_WORK TASK_. Exact copies of all the lines below are wanted, without a single picture.

_DATA BLOCK_.
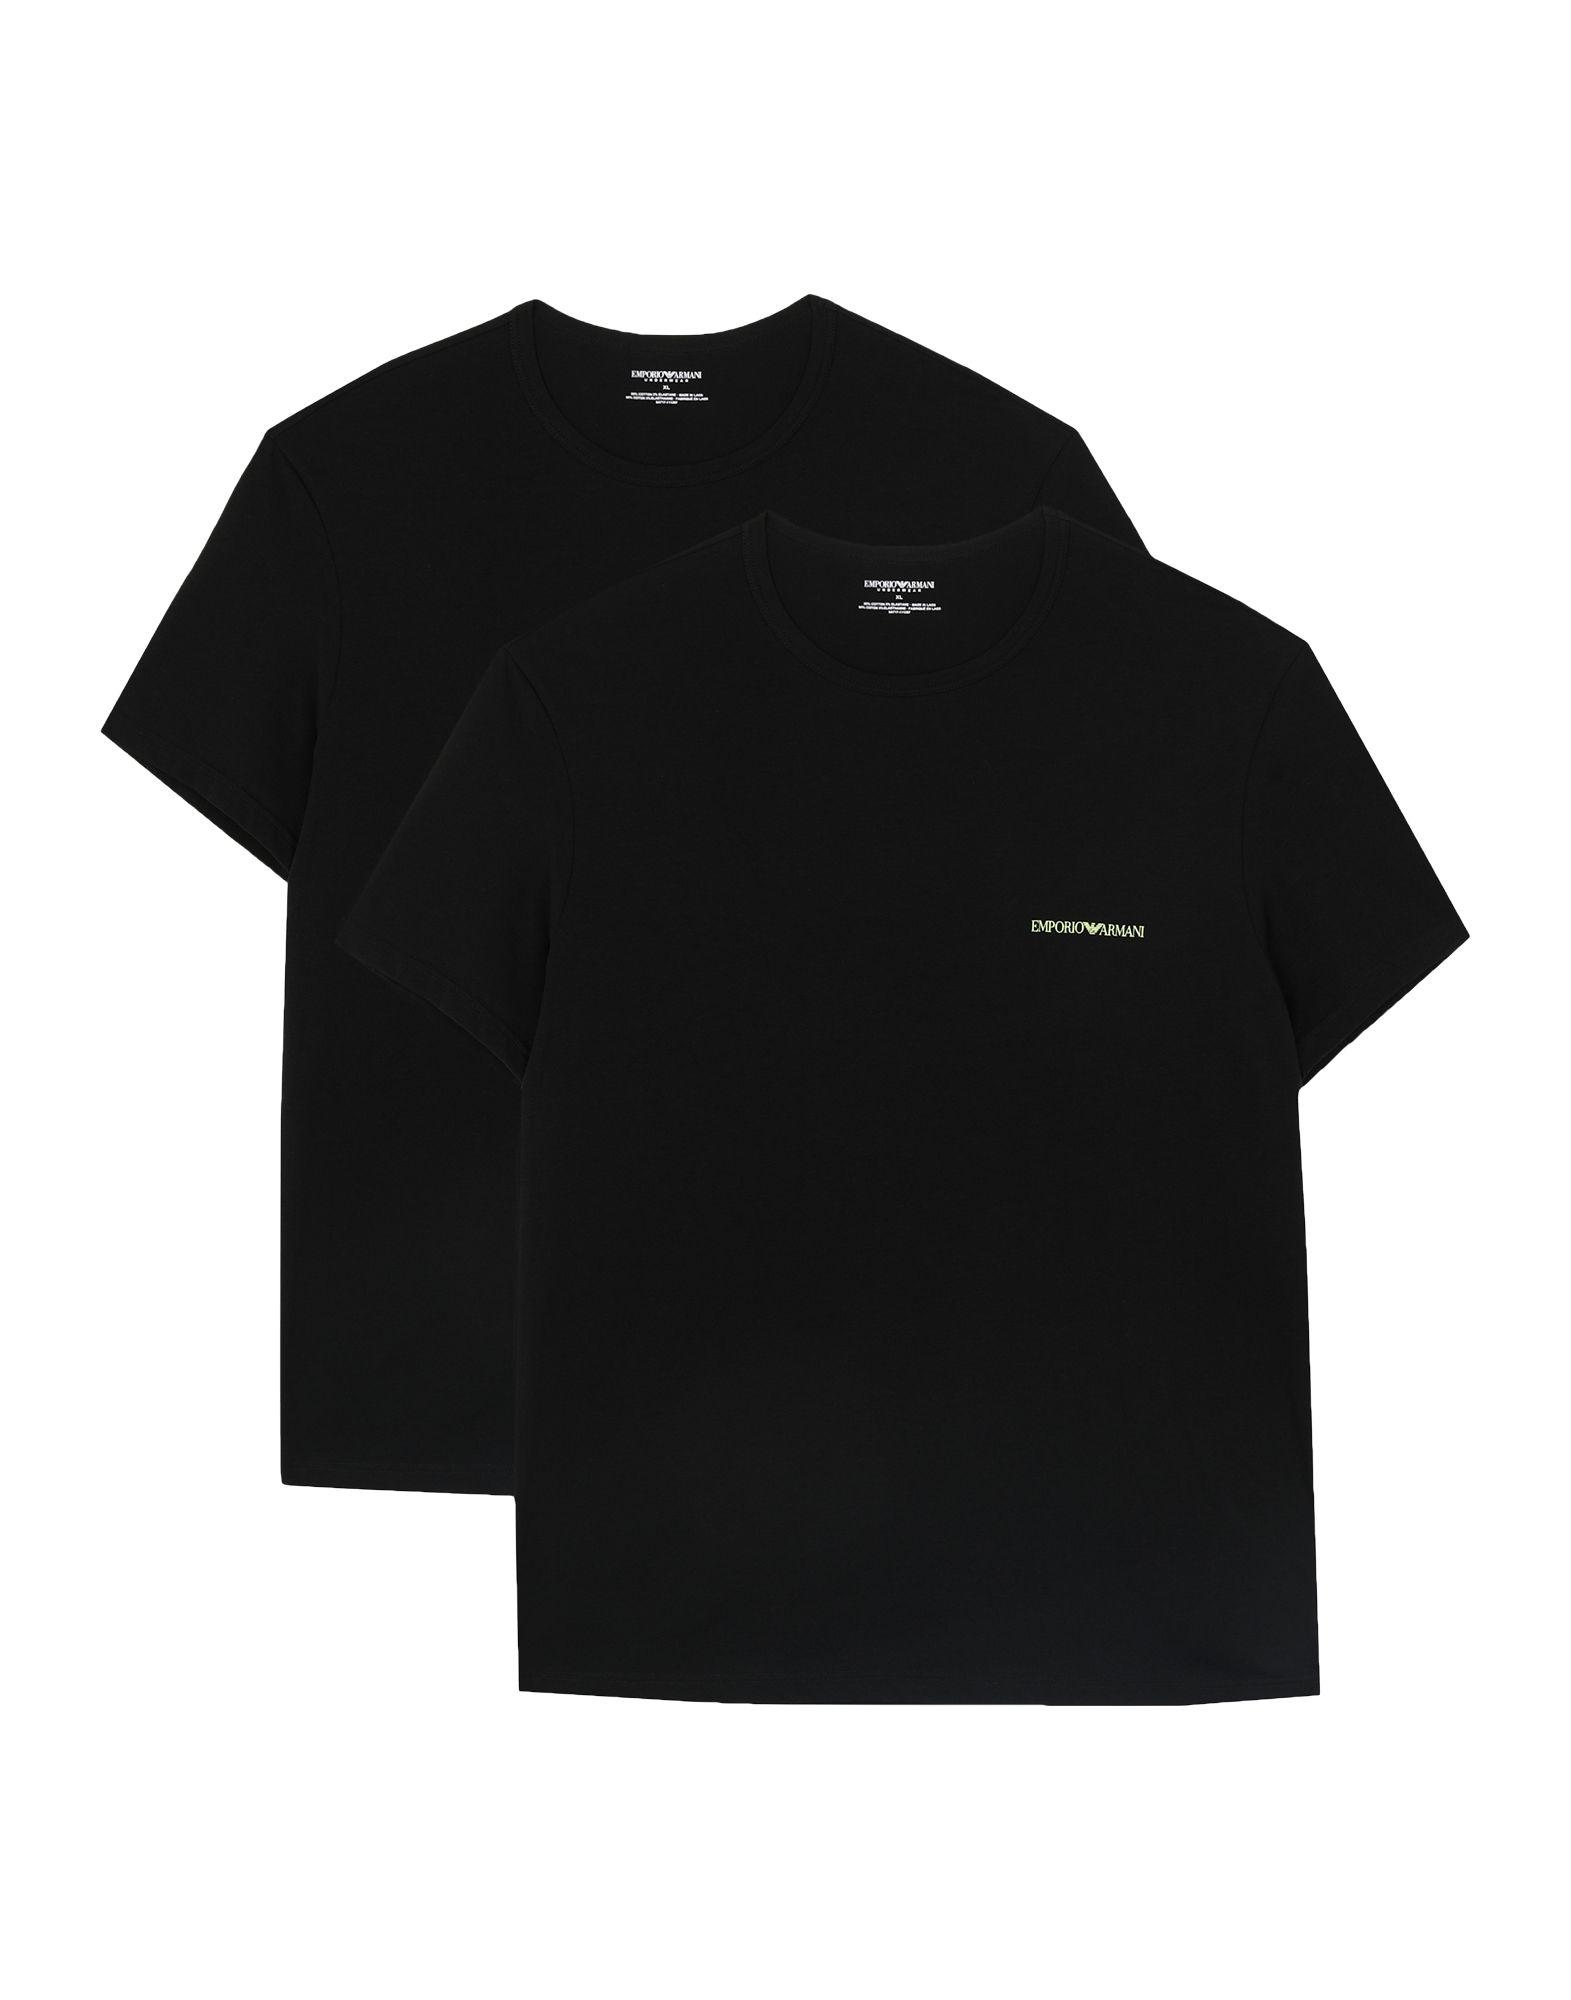 Emporio Armani Undershirt in Black for Men - Lyst
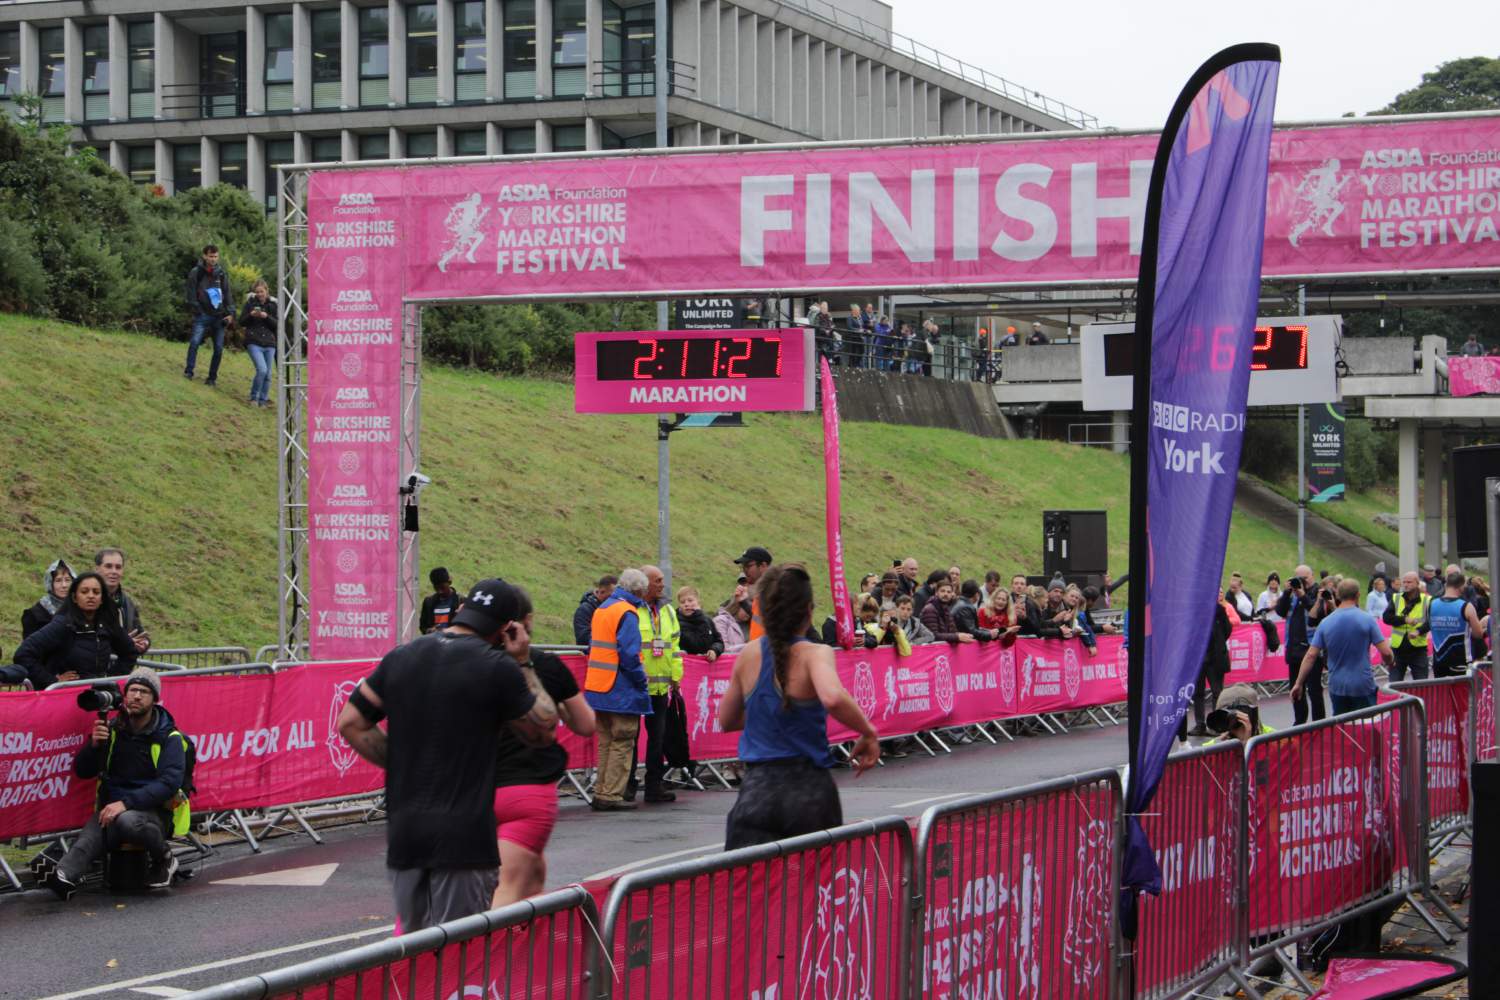 Yorkshire Marathon makes triumphant return
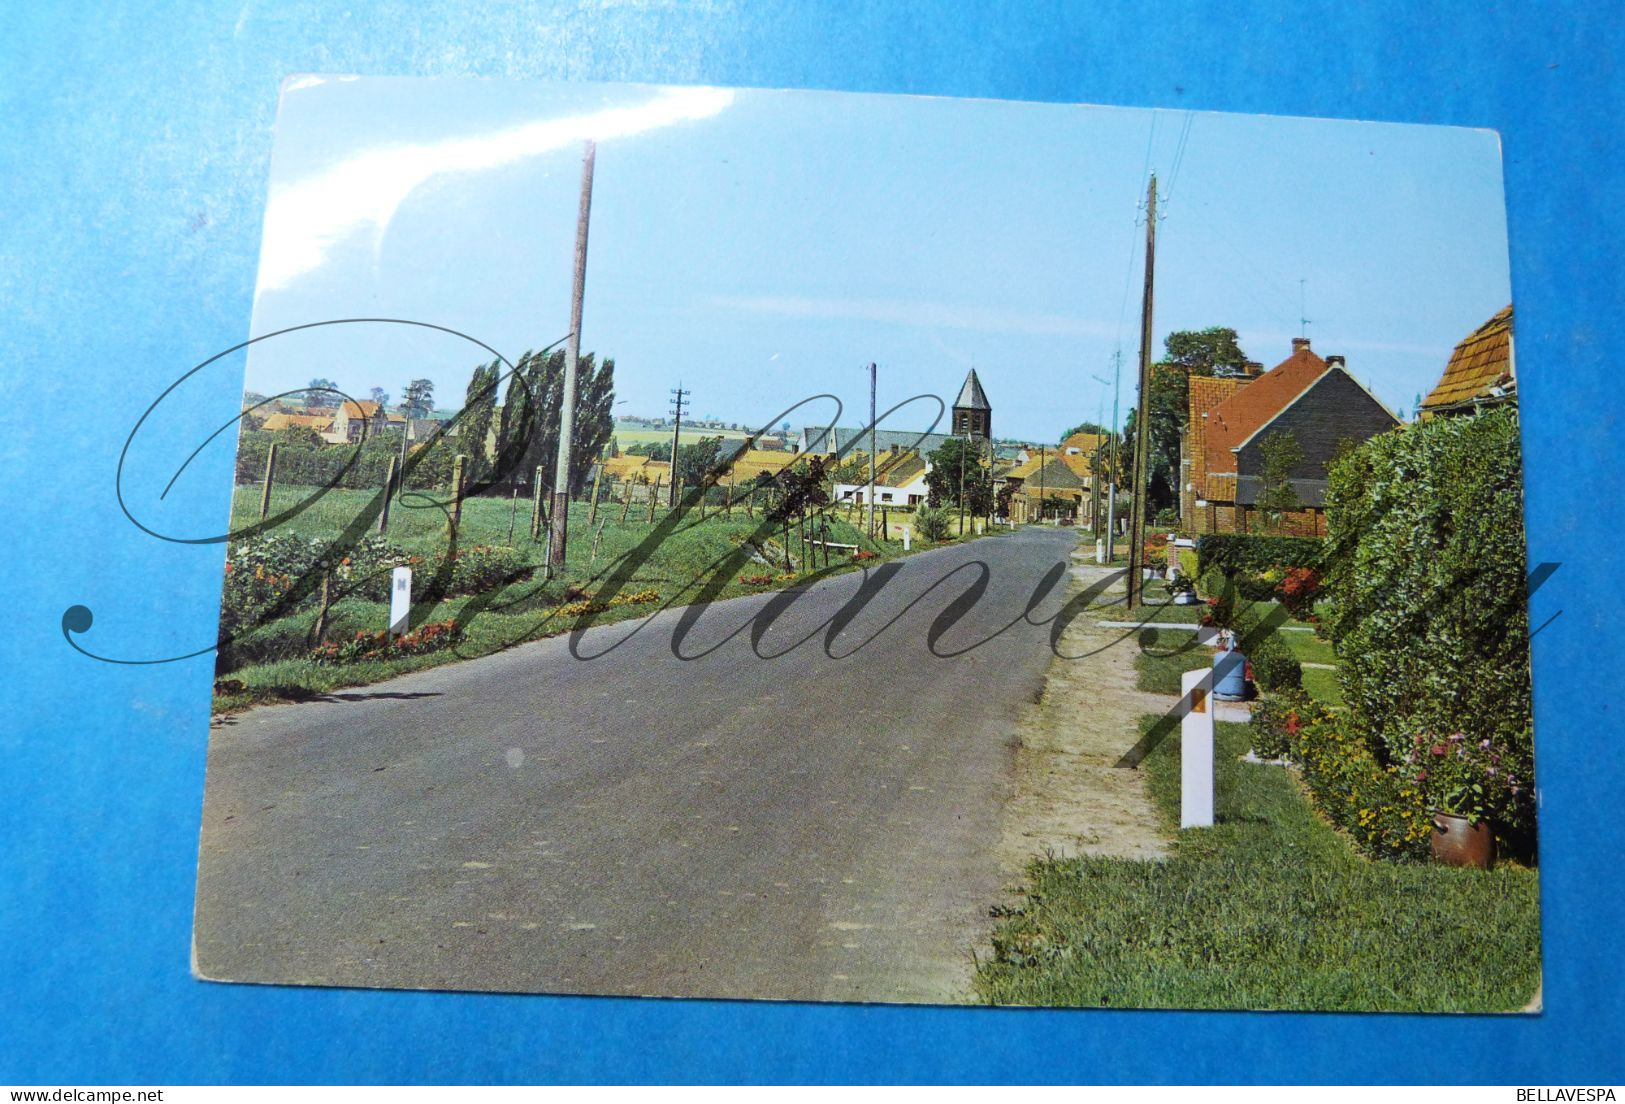 West-Outer lot x 14 pc. /st. postkaarten cartes postales Kosmos Eksternest Rodeberg enz.
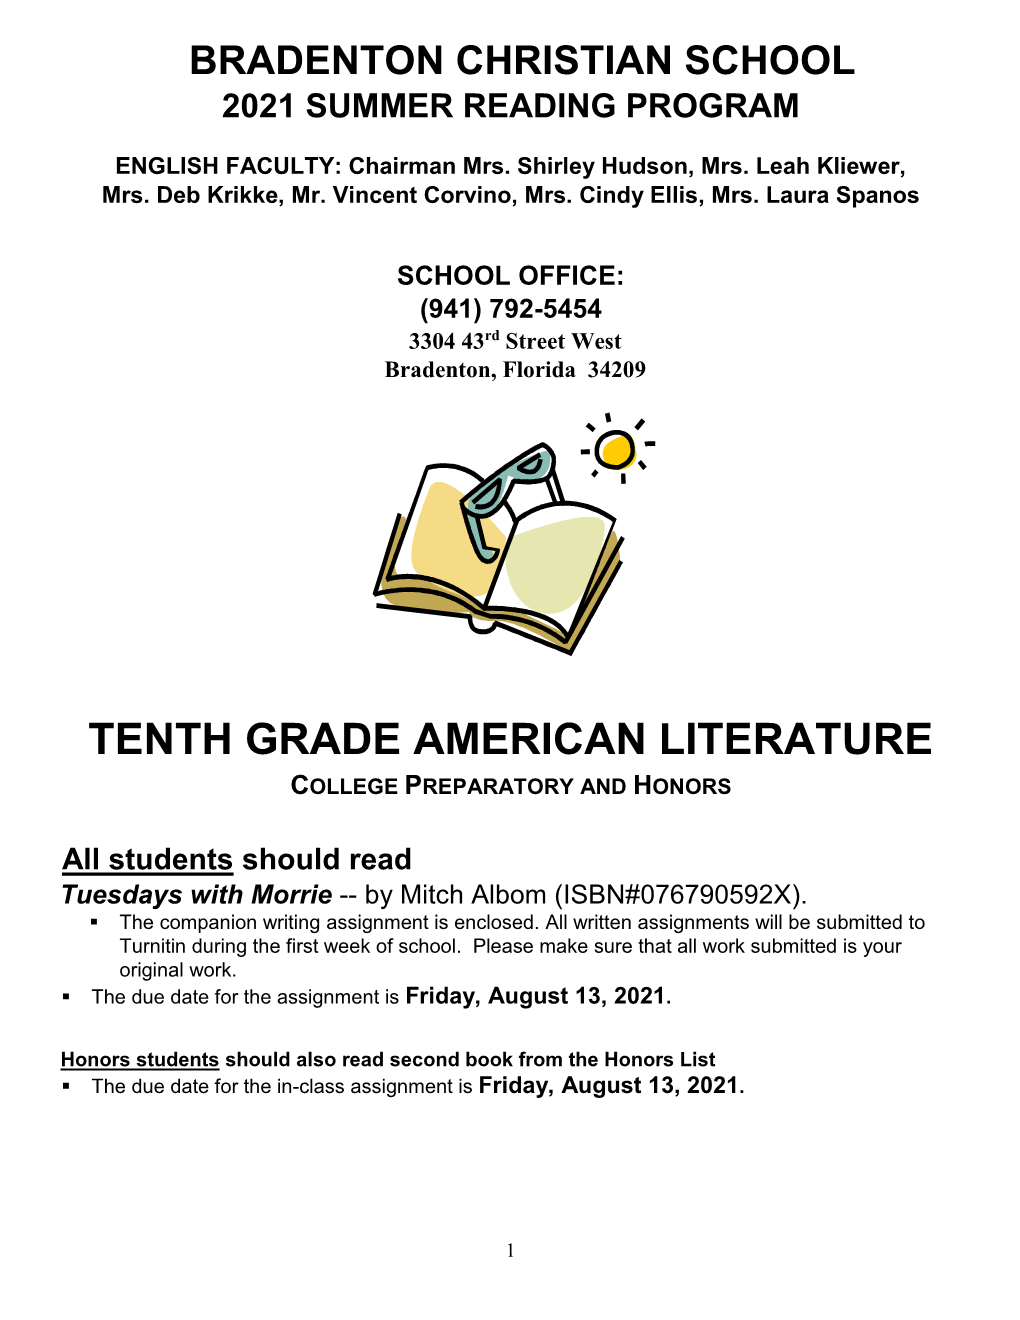 Tenth Grade American Literature College Preparatory and Honors

_TASK OUTPUT_.
 Emporio Armani Undershirt in Black for Men - Lyst
 Yorkshire Marathon makes triumphant return
 West-Outer lot x 14 pc. /st. postkaarten cartes postales Kosmos Eksternest Rodeberg enz.
 Tenth Grade American Literature College Preparatory and Honors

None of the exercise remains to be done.